Still, that was iboga. And, sure, maybe I’d give ayuahasca and peyote a go now – that door had been opened: a door that I’d kept closed when given the opportunity to try both a couple of years before – but everything else felt somehow different to me. Weird, then, that I went from that place to necking nine tabs of LSD in just under eighteen months...
It starts with coming back to Leeds, and a two-pronged attack. Number one, I befriend these two students – squash buddies, initially – who have dabbled in a number of different substances. They’re pretty clean-living, switched-on guys. Very aware, very happy, in touch with their emotions and interested in the possibilities of spiritual realities and we really click. I like these guys. And though they go out and take ecstasy they still turn up for squash the next day and play a decent game and there doesn’t seem to be any comedown, any dependence, any of that darkness. They’re doing it sensibly. They’re not trying to run away from anything. And we talk about these things a lot.
Number two, I get all obsessed with the Beatniks, and read tons of books, and then move on from there into the early hippy days and in particular Ken Kesey and his Merry Pranksters. And, of course, LSD is a big part of their trip, and really, perhaps, the prime driving force behind the whole hippy movement. I read the Electric Kool-Aid Acid Test again and start to wonder. And then I watch the movie Magic Trip and it really fires my imagination.
There’s a scene in there where they’re off by a lake in Canada, I think, and one of the women narrators is talking about them taking this drug called IT-290, “even better than acid, very calm.” Kesey calls it, “the Rolls-Royce of psychedelics. Well that piqued my interest: I’d never heard of IT-290. Some months later I googled it and found that, wowie zowie, it was a legal substance you could still buy online. These days they call it AMT. And then I looked into it further – mainly reading Erowid reports – and I figured it must be something different. People were describing horror trips – hospitalisations – freak outs: AMT didn’t sound like IT-290 at all. Disappointing.

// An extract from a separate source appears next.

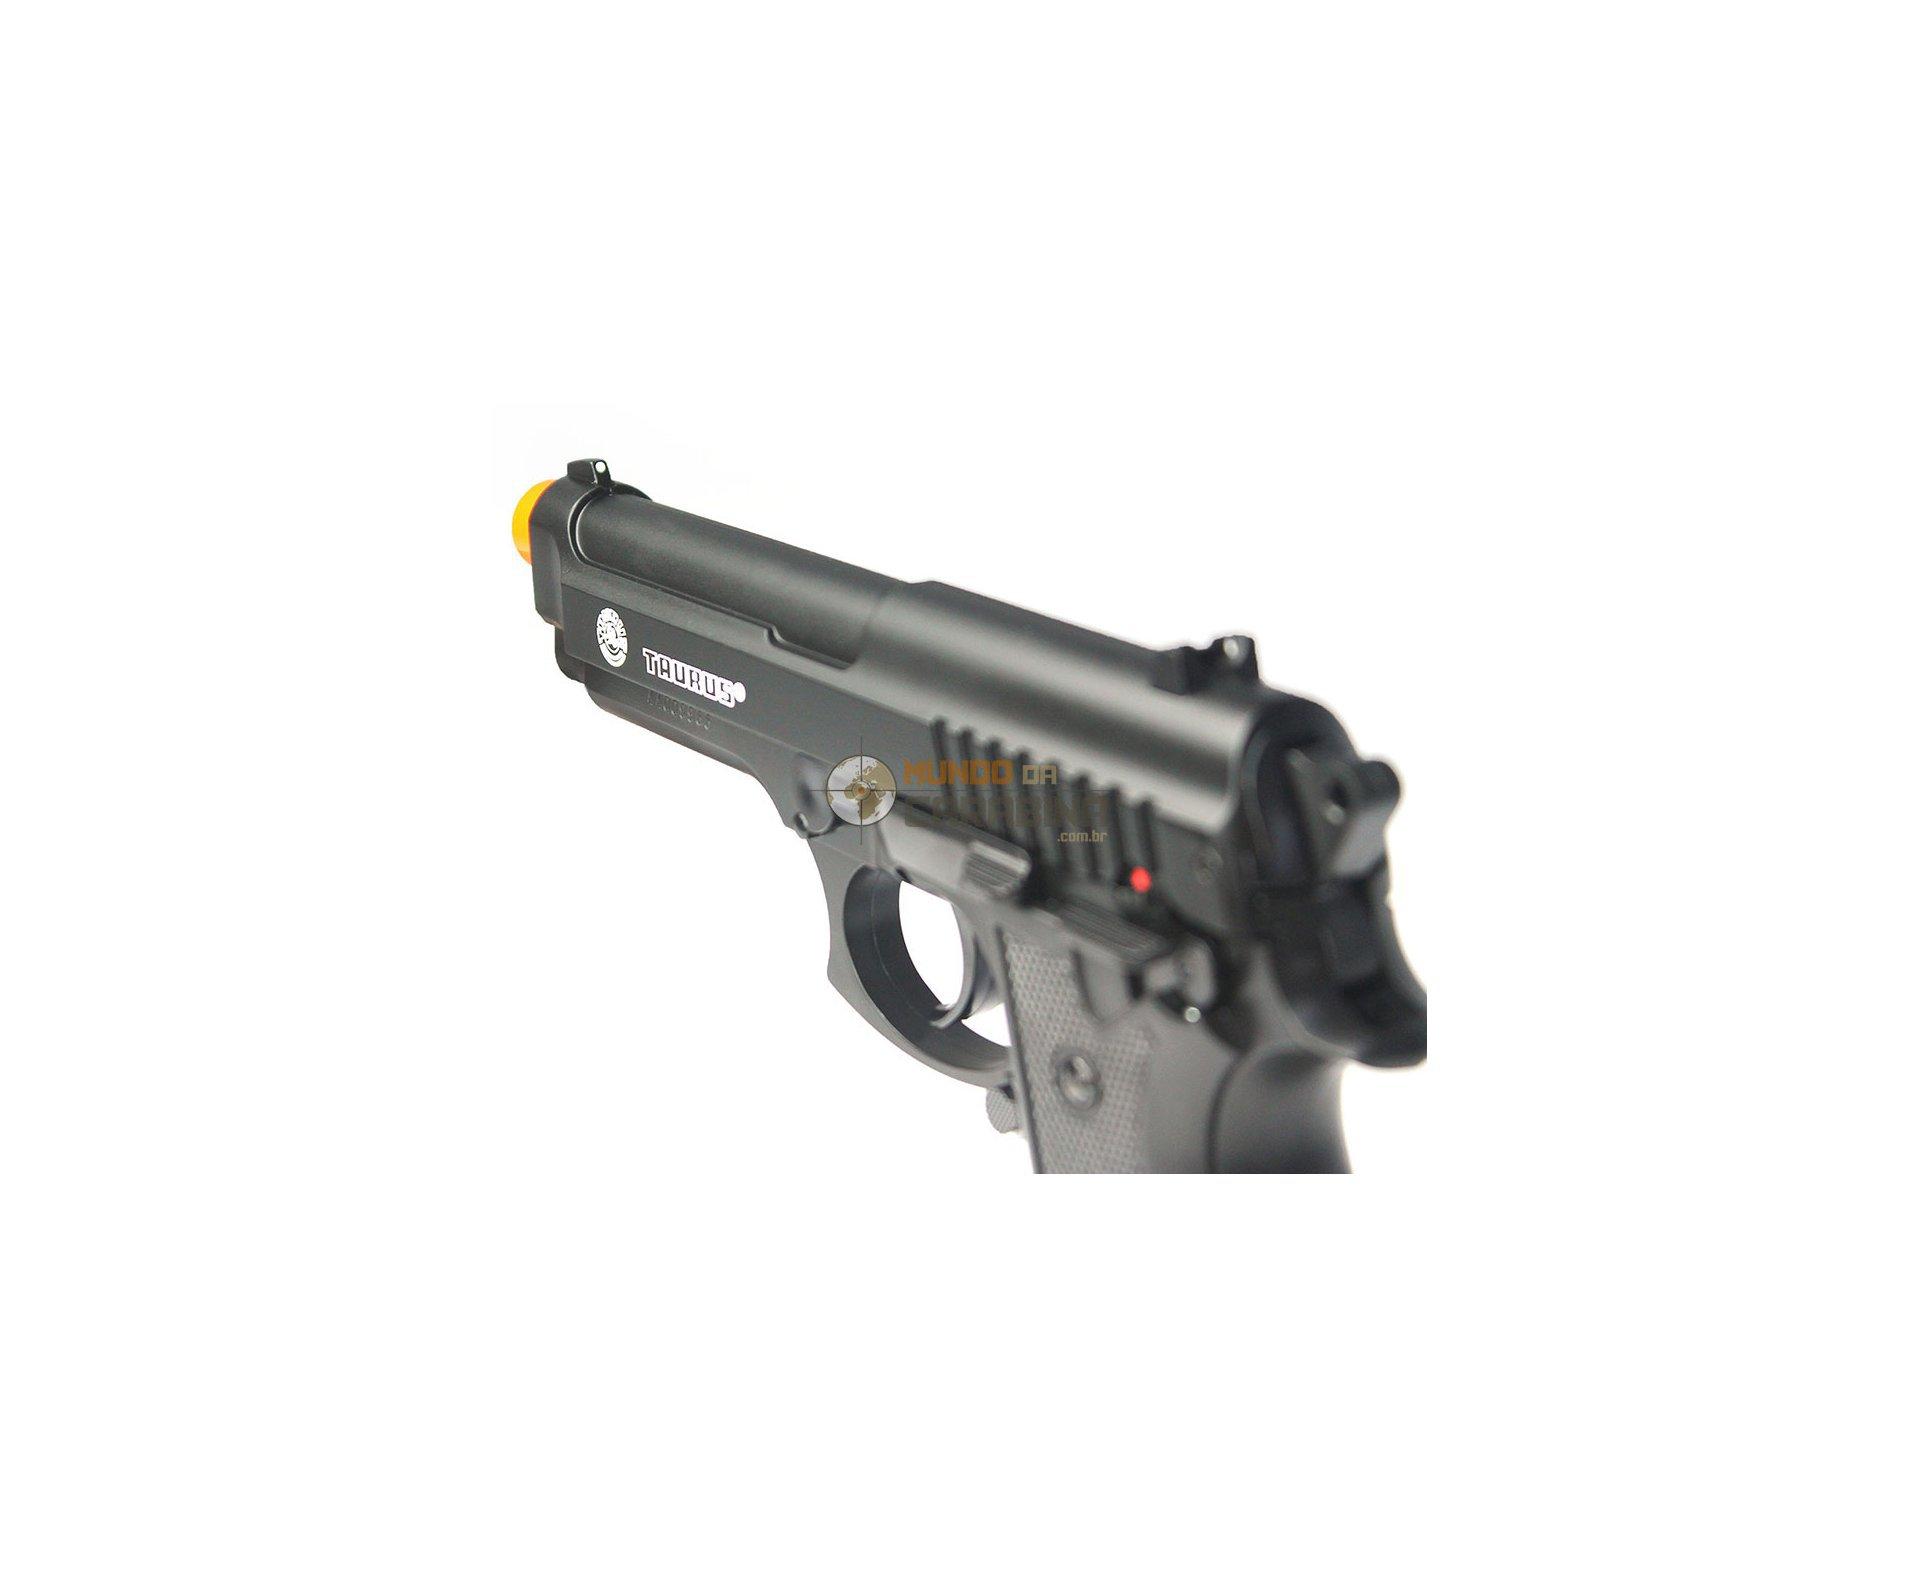 Pistola De Airsoft Taurus Pt 92 Slide Metal + 4000 Esferas 0,12g + Capa Almofada - Cyber Gun

Still, I couldn’t get it out of my head and a few months back, on the toss of a coin, I thought, what the hell, and bought some. At the very least I could test it on my friends. But then on the toss of another coin I ate a fairly healthy dose one evening – about 42mg – and to my pleasant surprise I found I liked it. It was calm. It was mellow. Nothing much happened really, except a general feeling of happiness, of focus, of contentment. I took it at 7.30 and by 11 I was tired and went to bed. Then at midnight I woke up to a gentle pattern of visualisations in front of my closed eyes – very organic, yet geometrically, mathematically perfect – and lay there for a few hours having nice thoughts and feeling good. Nothing mindblowing. Nothing scary. A good introduction. But –
“We’re gonna need a bigger dose,” as Rob Schneider said to Bobby Short in that film about the fish.
I tried it another time – same amount; didn’t want too much as it was fairly late in the evening – and it had the same effect: nothing unpleasant or different to how I normally operate, just a general feeling of contentment and quietitude. I tidied my flat and then sat and sewed for a few hours and then went to bed. Didn’t keep me up this time either. Kind of odd because that’s far from what the people on Erowid were describing. But I have my theories to explain that...

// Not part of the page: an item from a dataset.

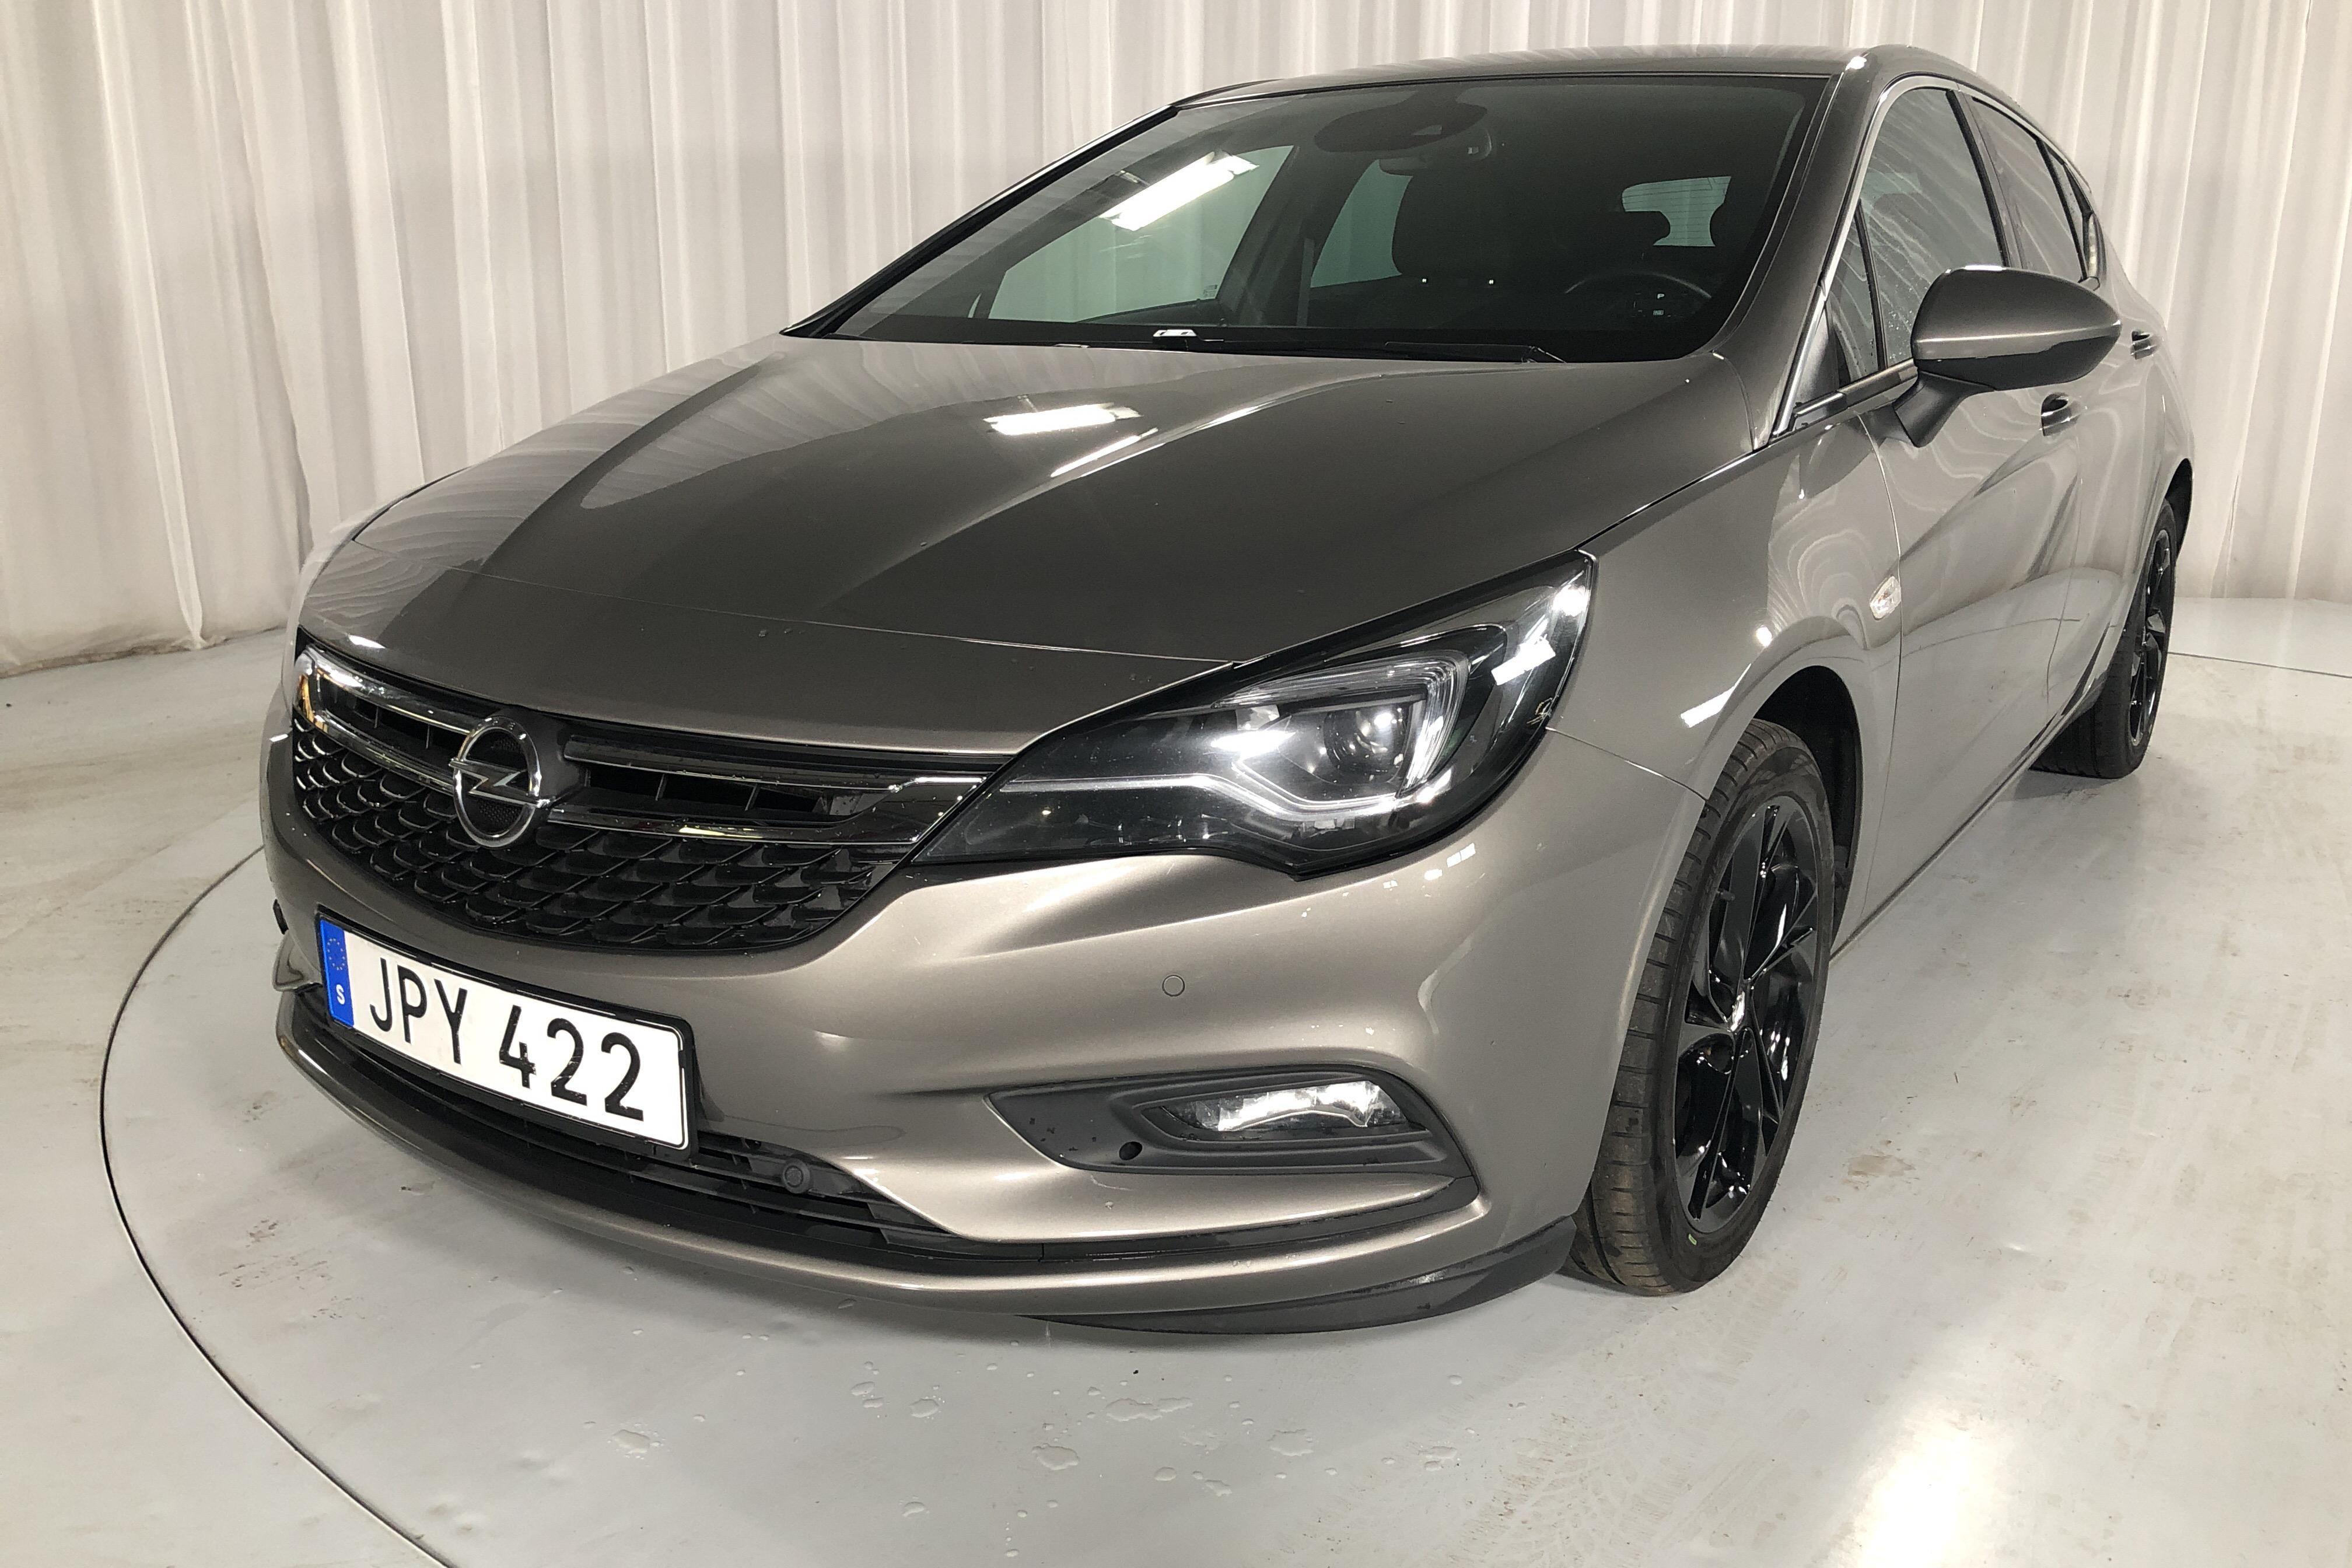 Opel Astra 1.6 BiTurbo ECOTEC 5dr (160hk)

1. The thing about mind-expanding drugs: It’s all about the size of your mind to begin with, right? Listen, I’m not gloating but the fact is that I’ve done a whole bunch of stuff in the spiritual and the psychological and the emotional realm of things and, among many other wonderful effects that all that has on you, making your mind expand is certainly one of them. When John Milton told me after my 28-day vision quest, “you won’t need drugs where you’re going,” I don’t think he was telling me that I shouldn’t take them – at least, I don’t think that now; I thought exactly that for years – I think he was merely pointing out that they wouldn’t have much effect. About one of the wonderful stories one can read on LSD is this one, told by Ram Dass/Richard Alpert about one of his first meetings with his guru, Maharajji:
“In 1967 when I first came to India, I brought with me a supply of LSD, hoping to find someone who might understand more about these substances than we did in the West. When I had met Maharajji (Neem Karoli Baba), after some days the thought had crossed my mind that he would be a perfect person to ask.
The next day after having that thought, I was called to him and he asked me immediately, “Do you have a question?”

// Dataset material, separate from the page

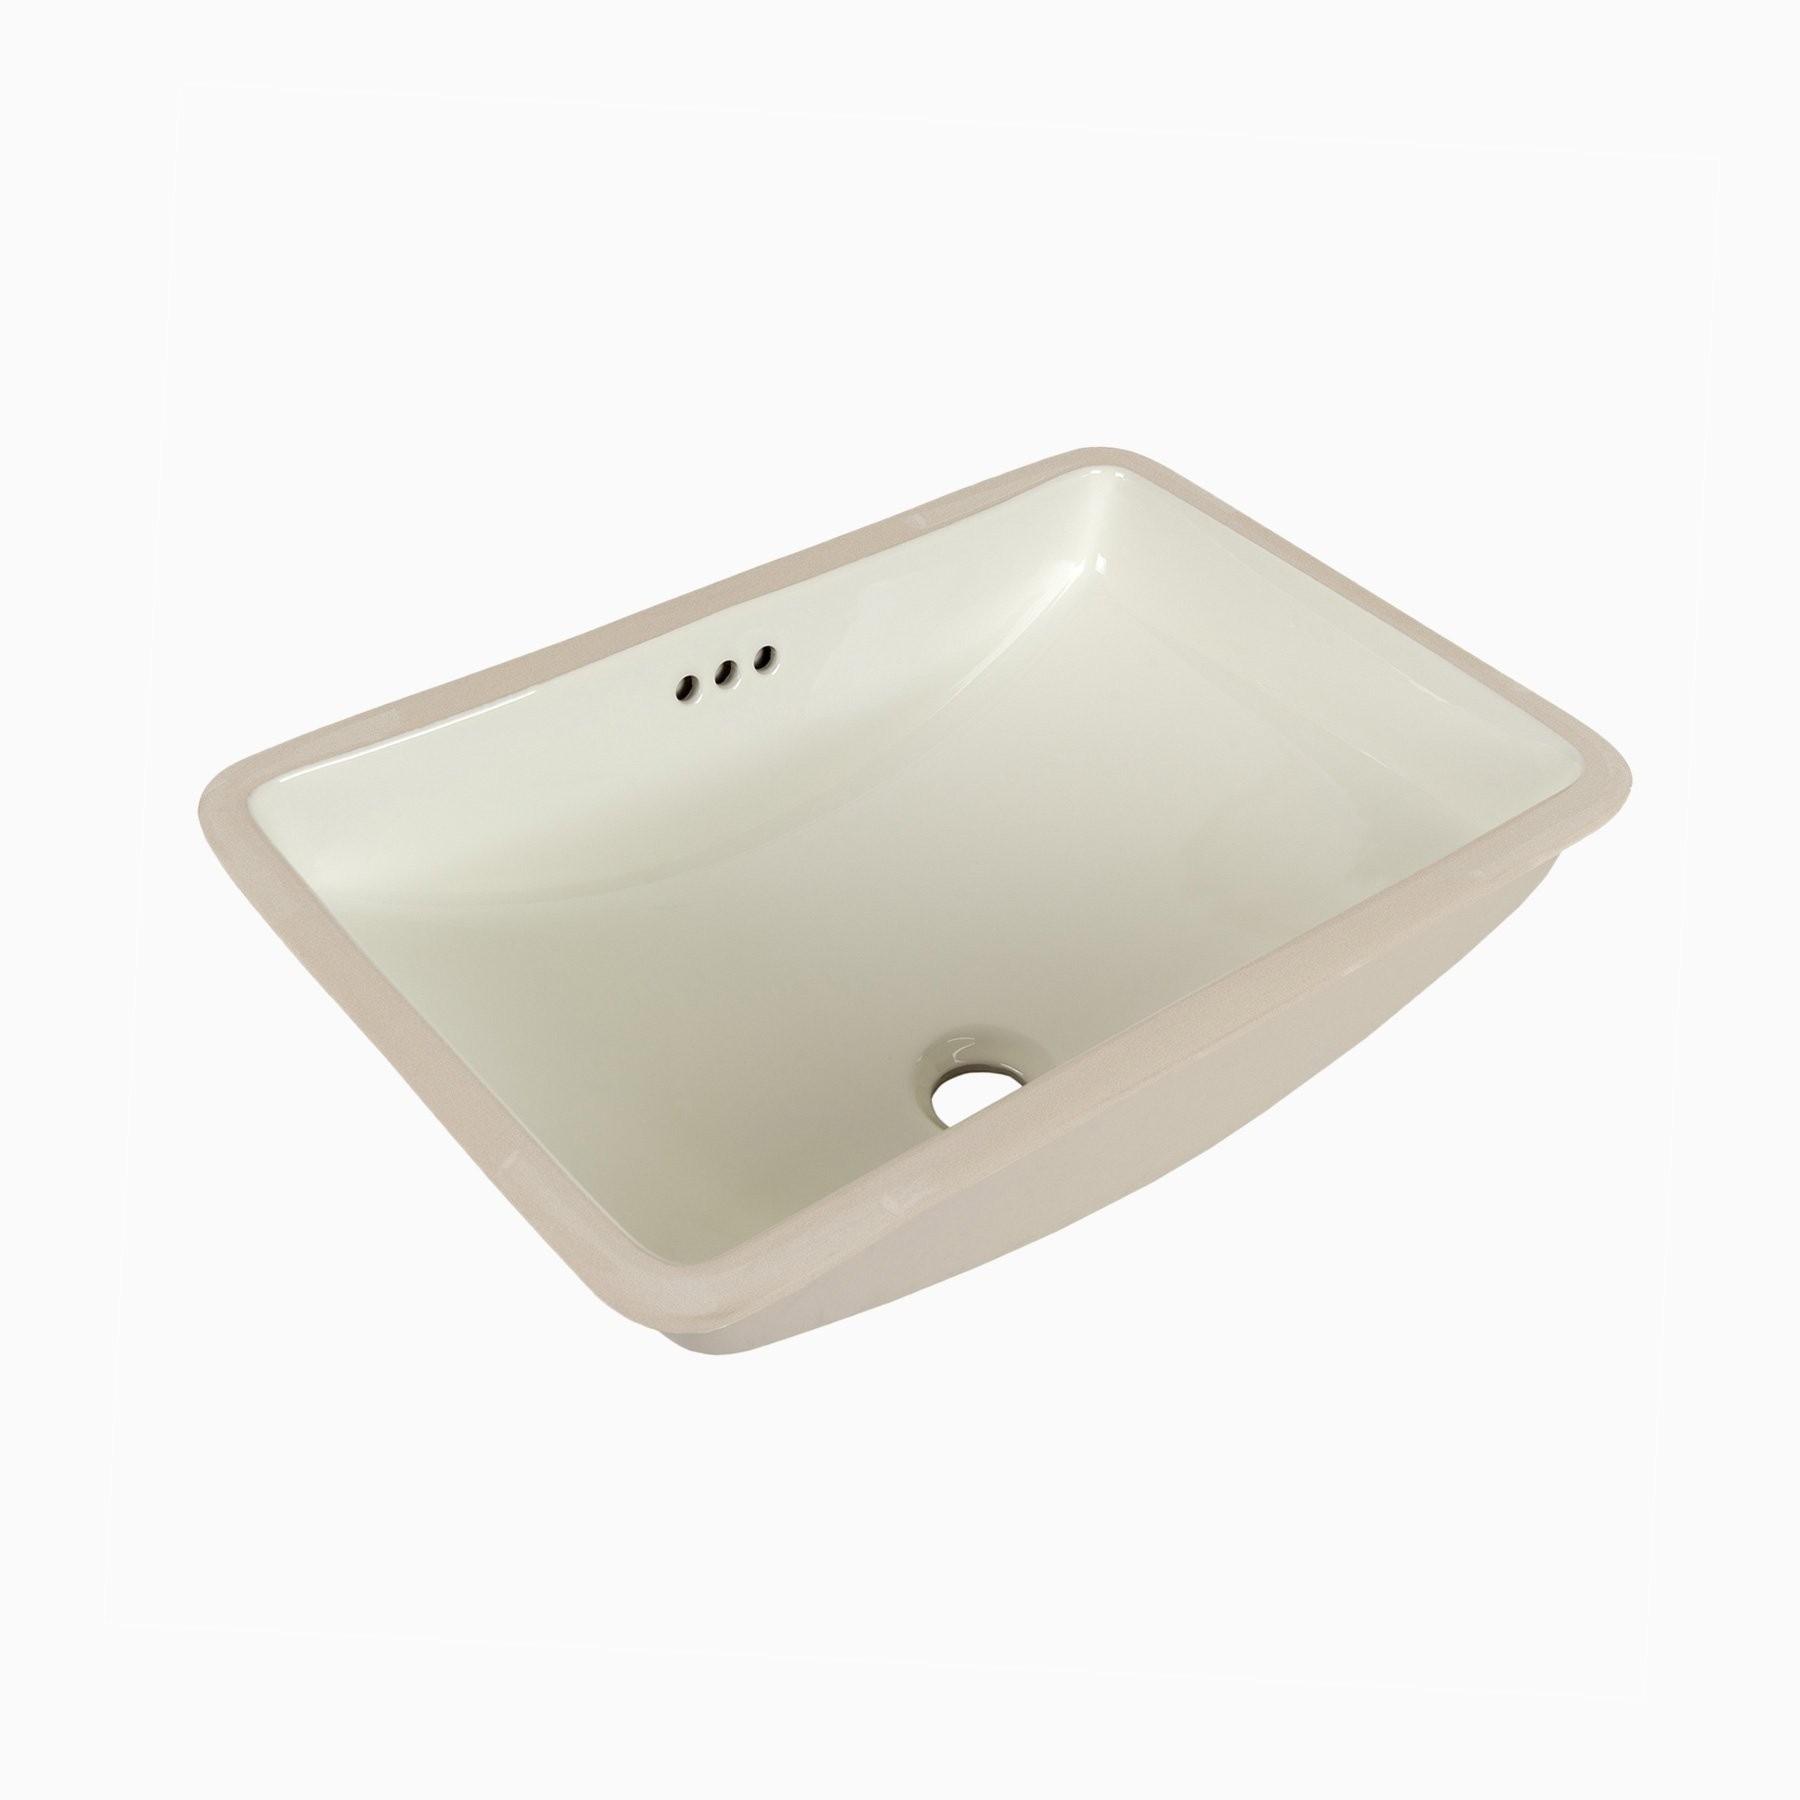 Bristol Ceramic Single Sink Undermount Bathroom Sink, Rectangle

Of course, being before him was such a powerful experience that I had completely forgotten the question I had had in my mind the night before. So I looked stupid and said, “No, Maharajji, I have no question.”
He appeared irritated and said, ”Where is the medicine?”
I was confused but Bhagavan Dass suggested, “Maybe he means the LSD.” I asked and Maharajji nodded. The bottle of LSD was in the car and I was sent to fetch it.
When I returned I emptied the vial of pills into my hand. In addition to the LSD there were a number of other pills for this and that – diarrhoea, fever, a sleeping pill, and so forth. He asked about each of these. He asked if they gave powers. I didn’t understand at the time and thought that by “powers” perhaps he meant physical strength. I said, “No.” Later, of course, I came to understand that the word he had used – “siddhis” – means psychic powers.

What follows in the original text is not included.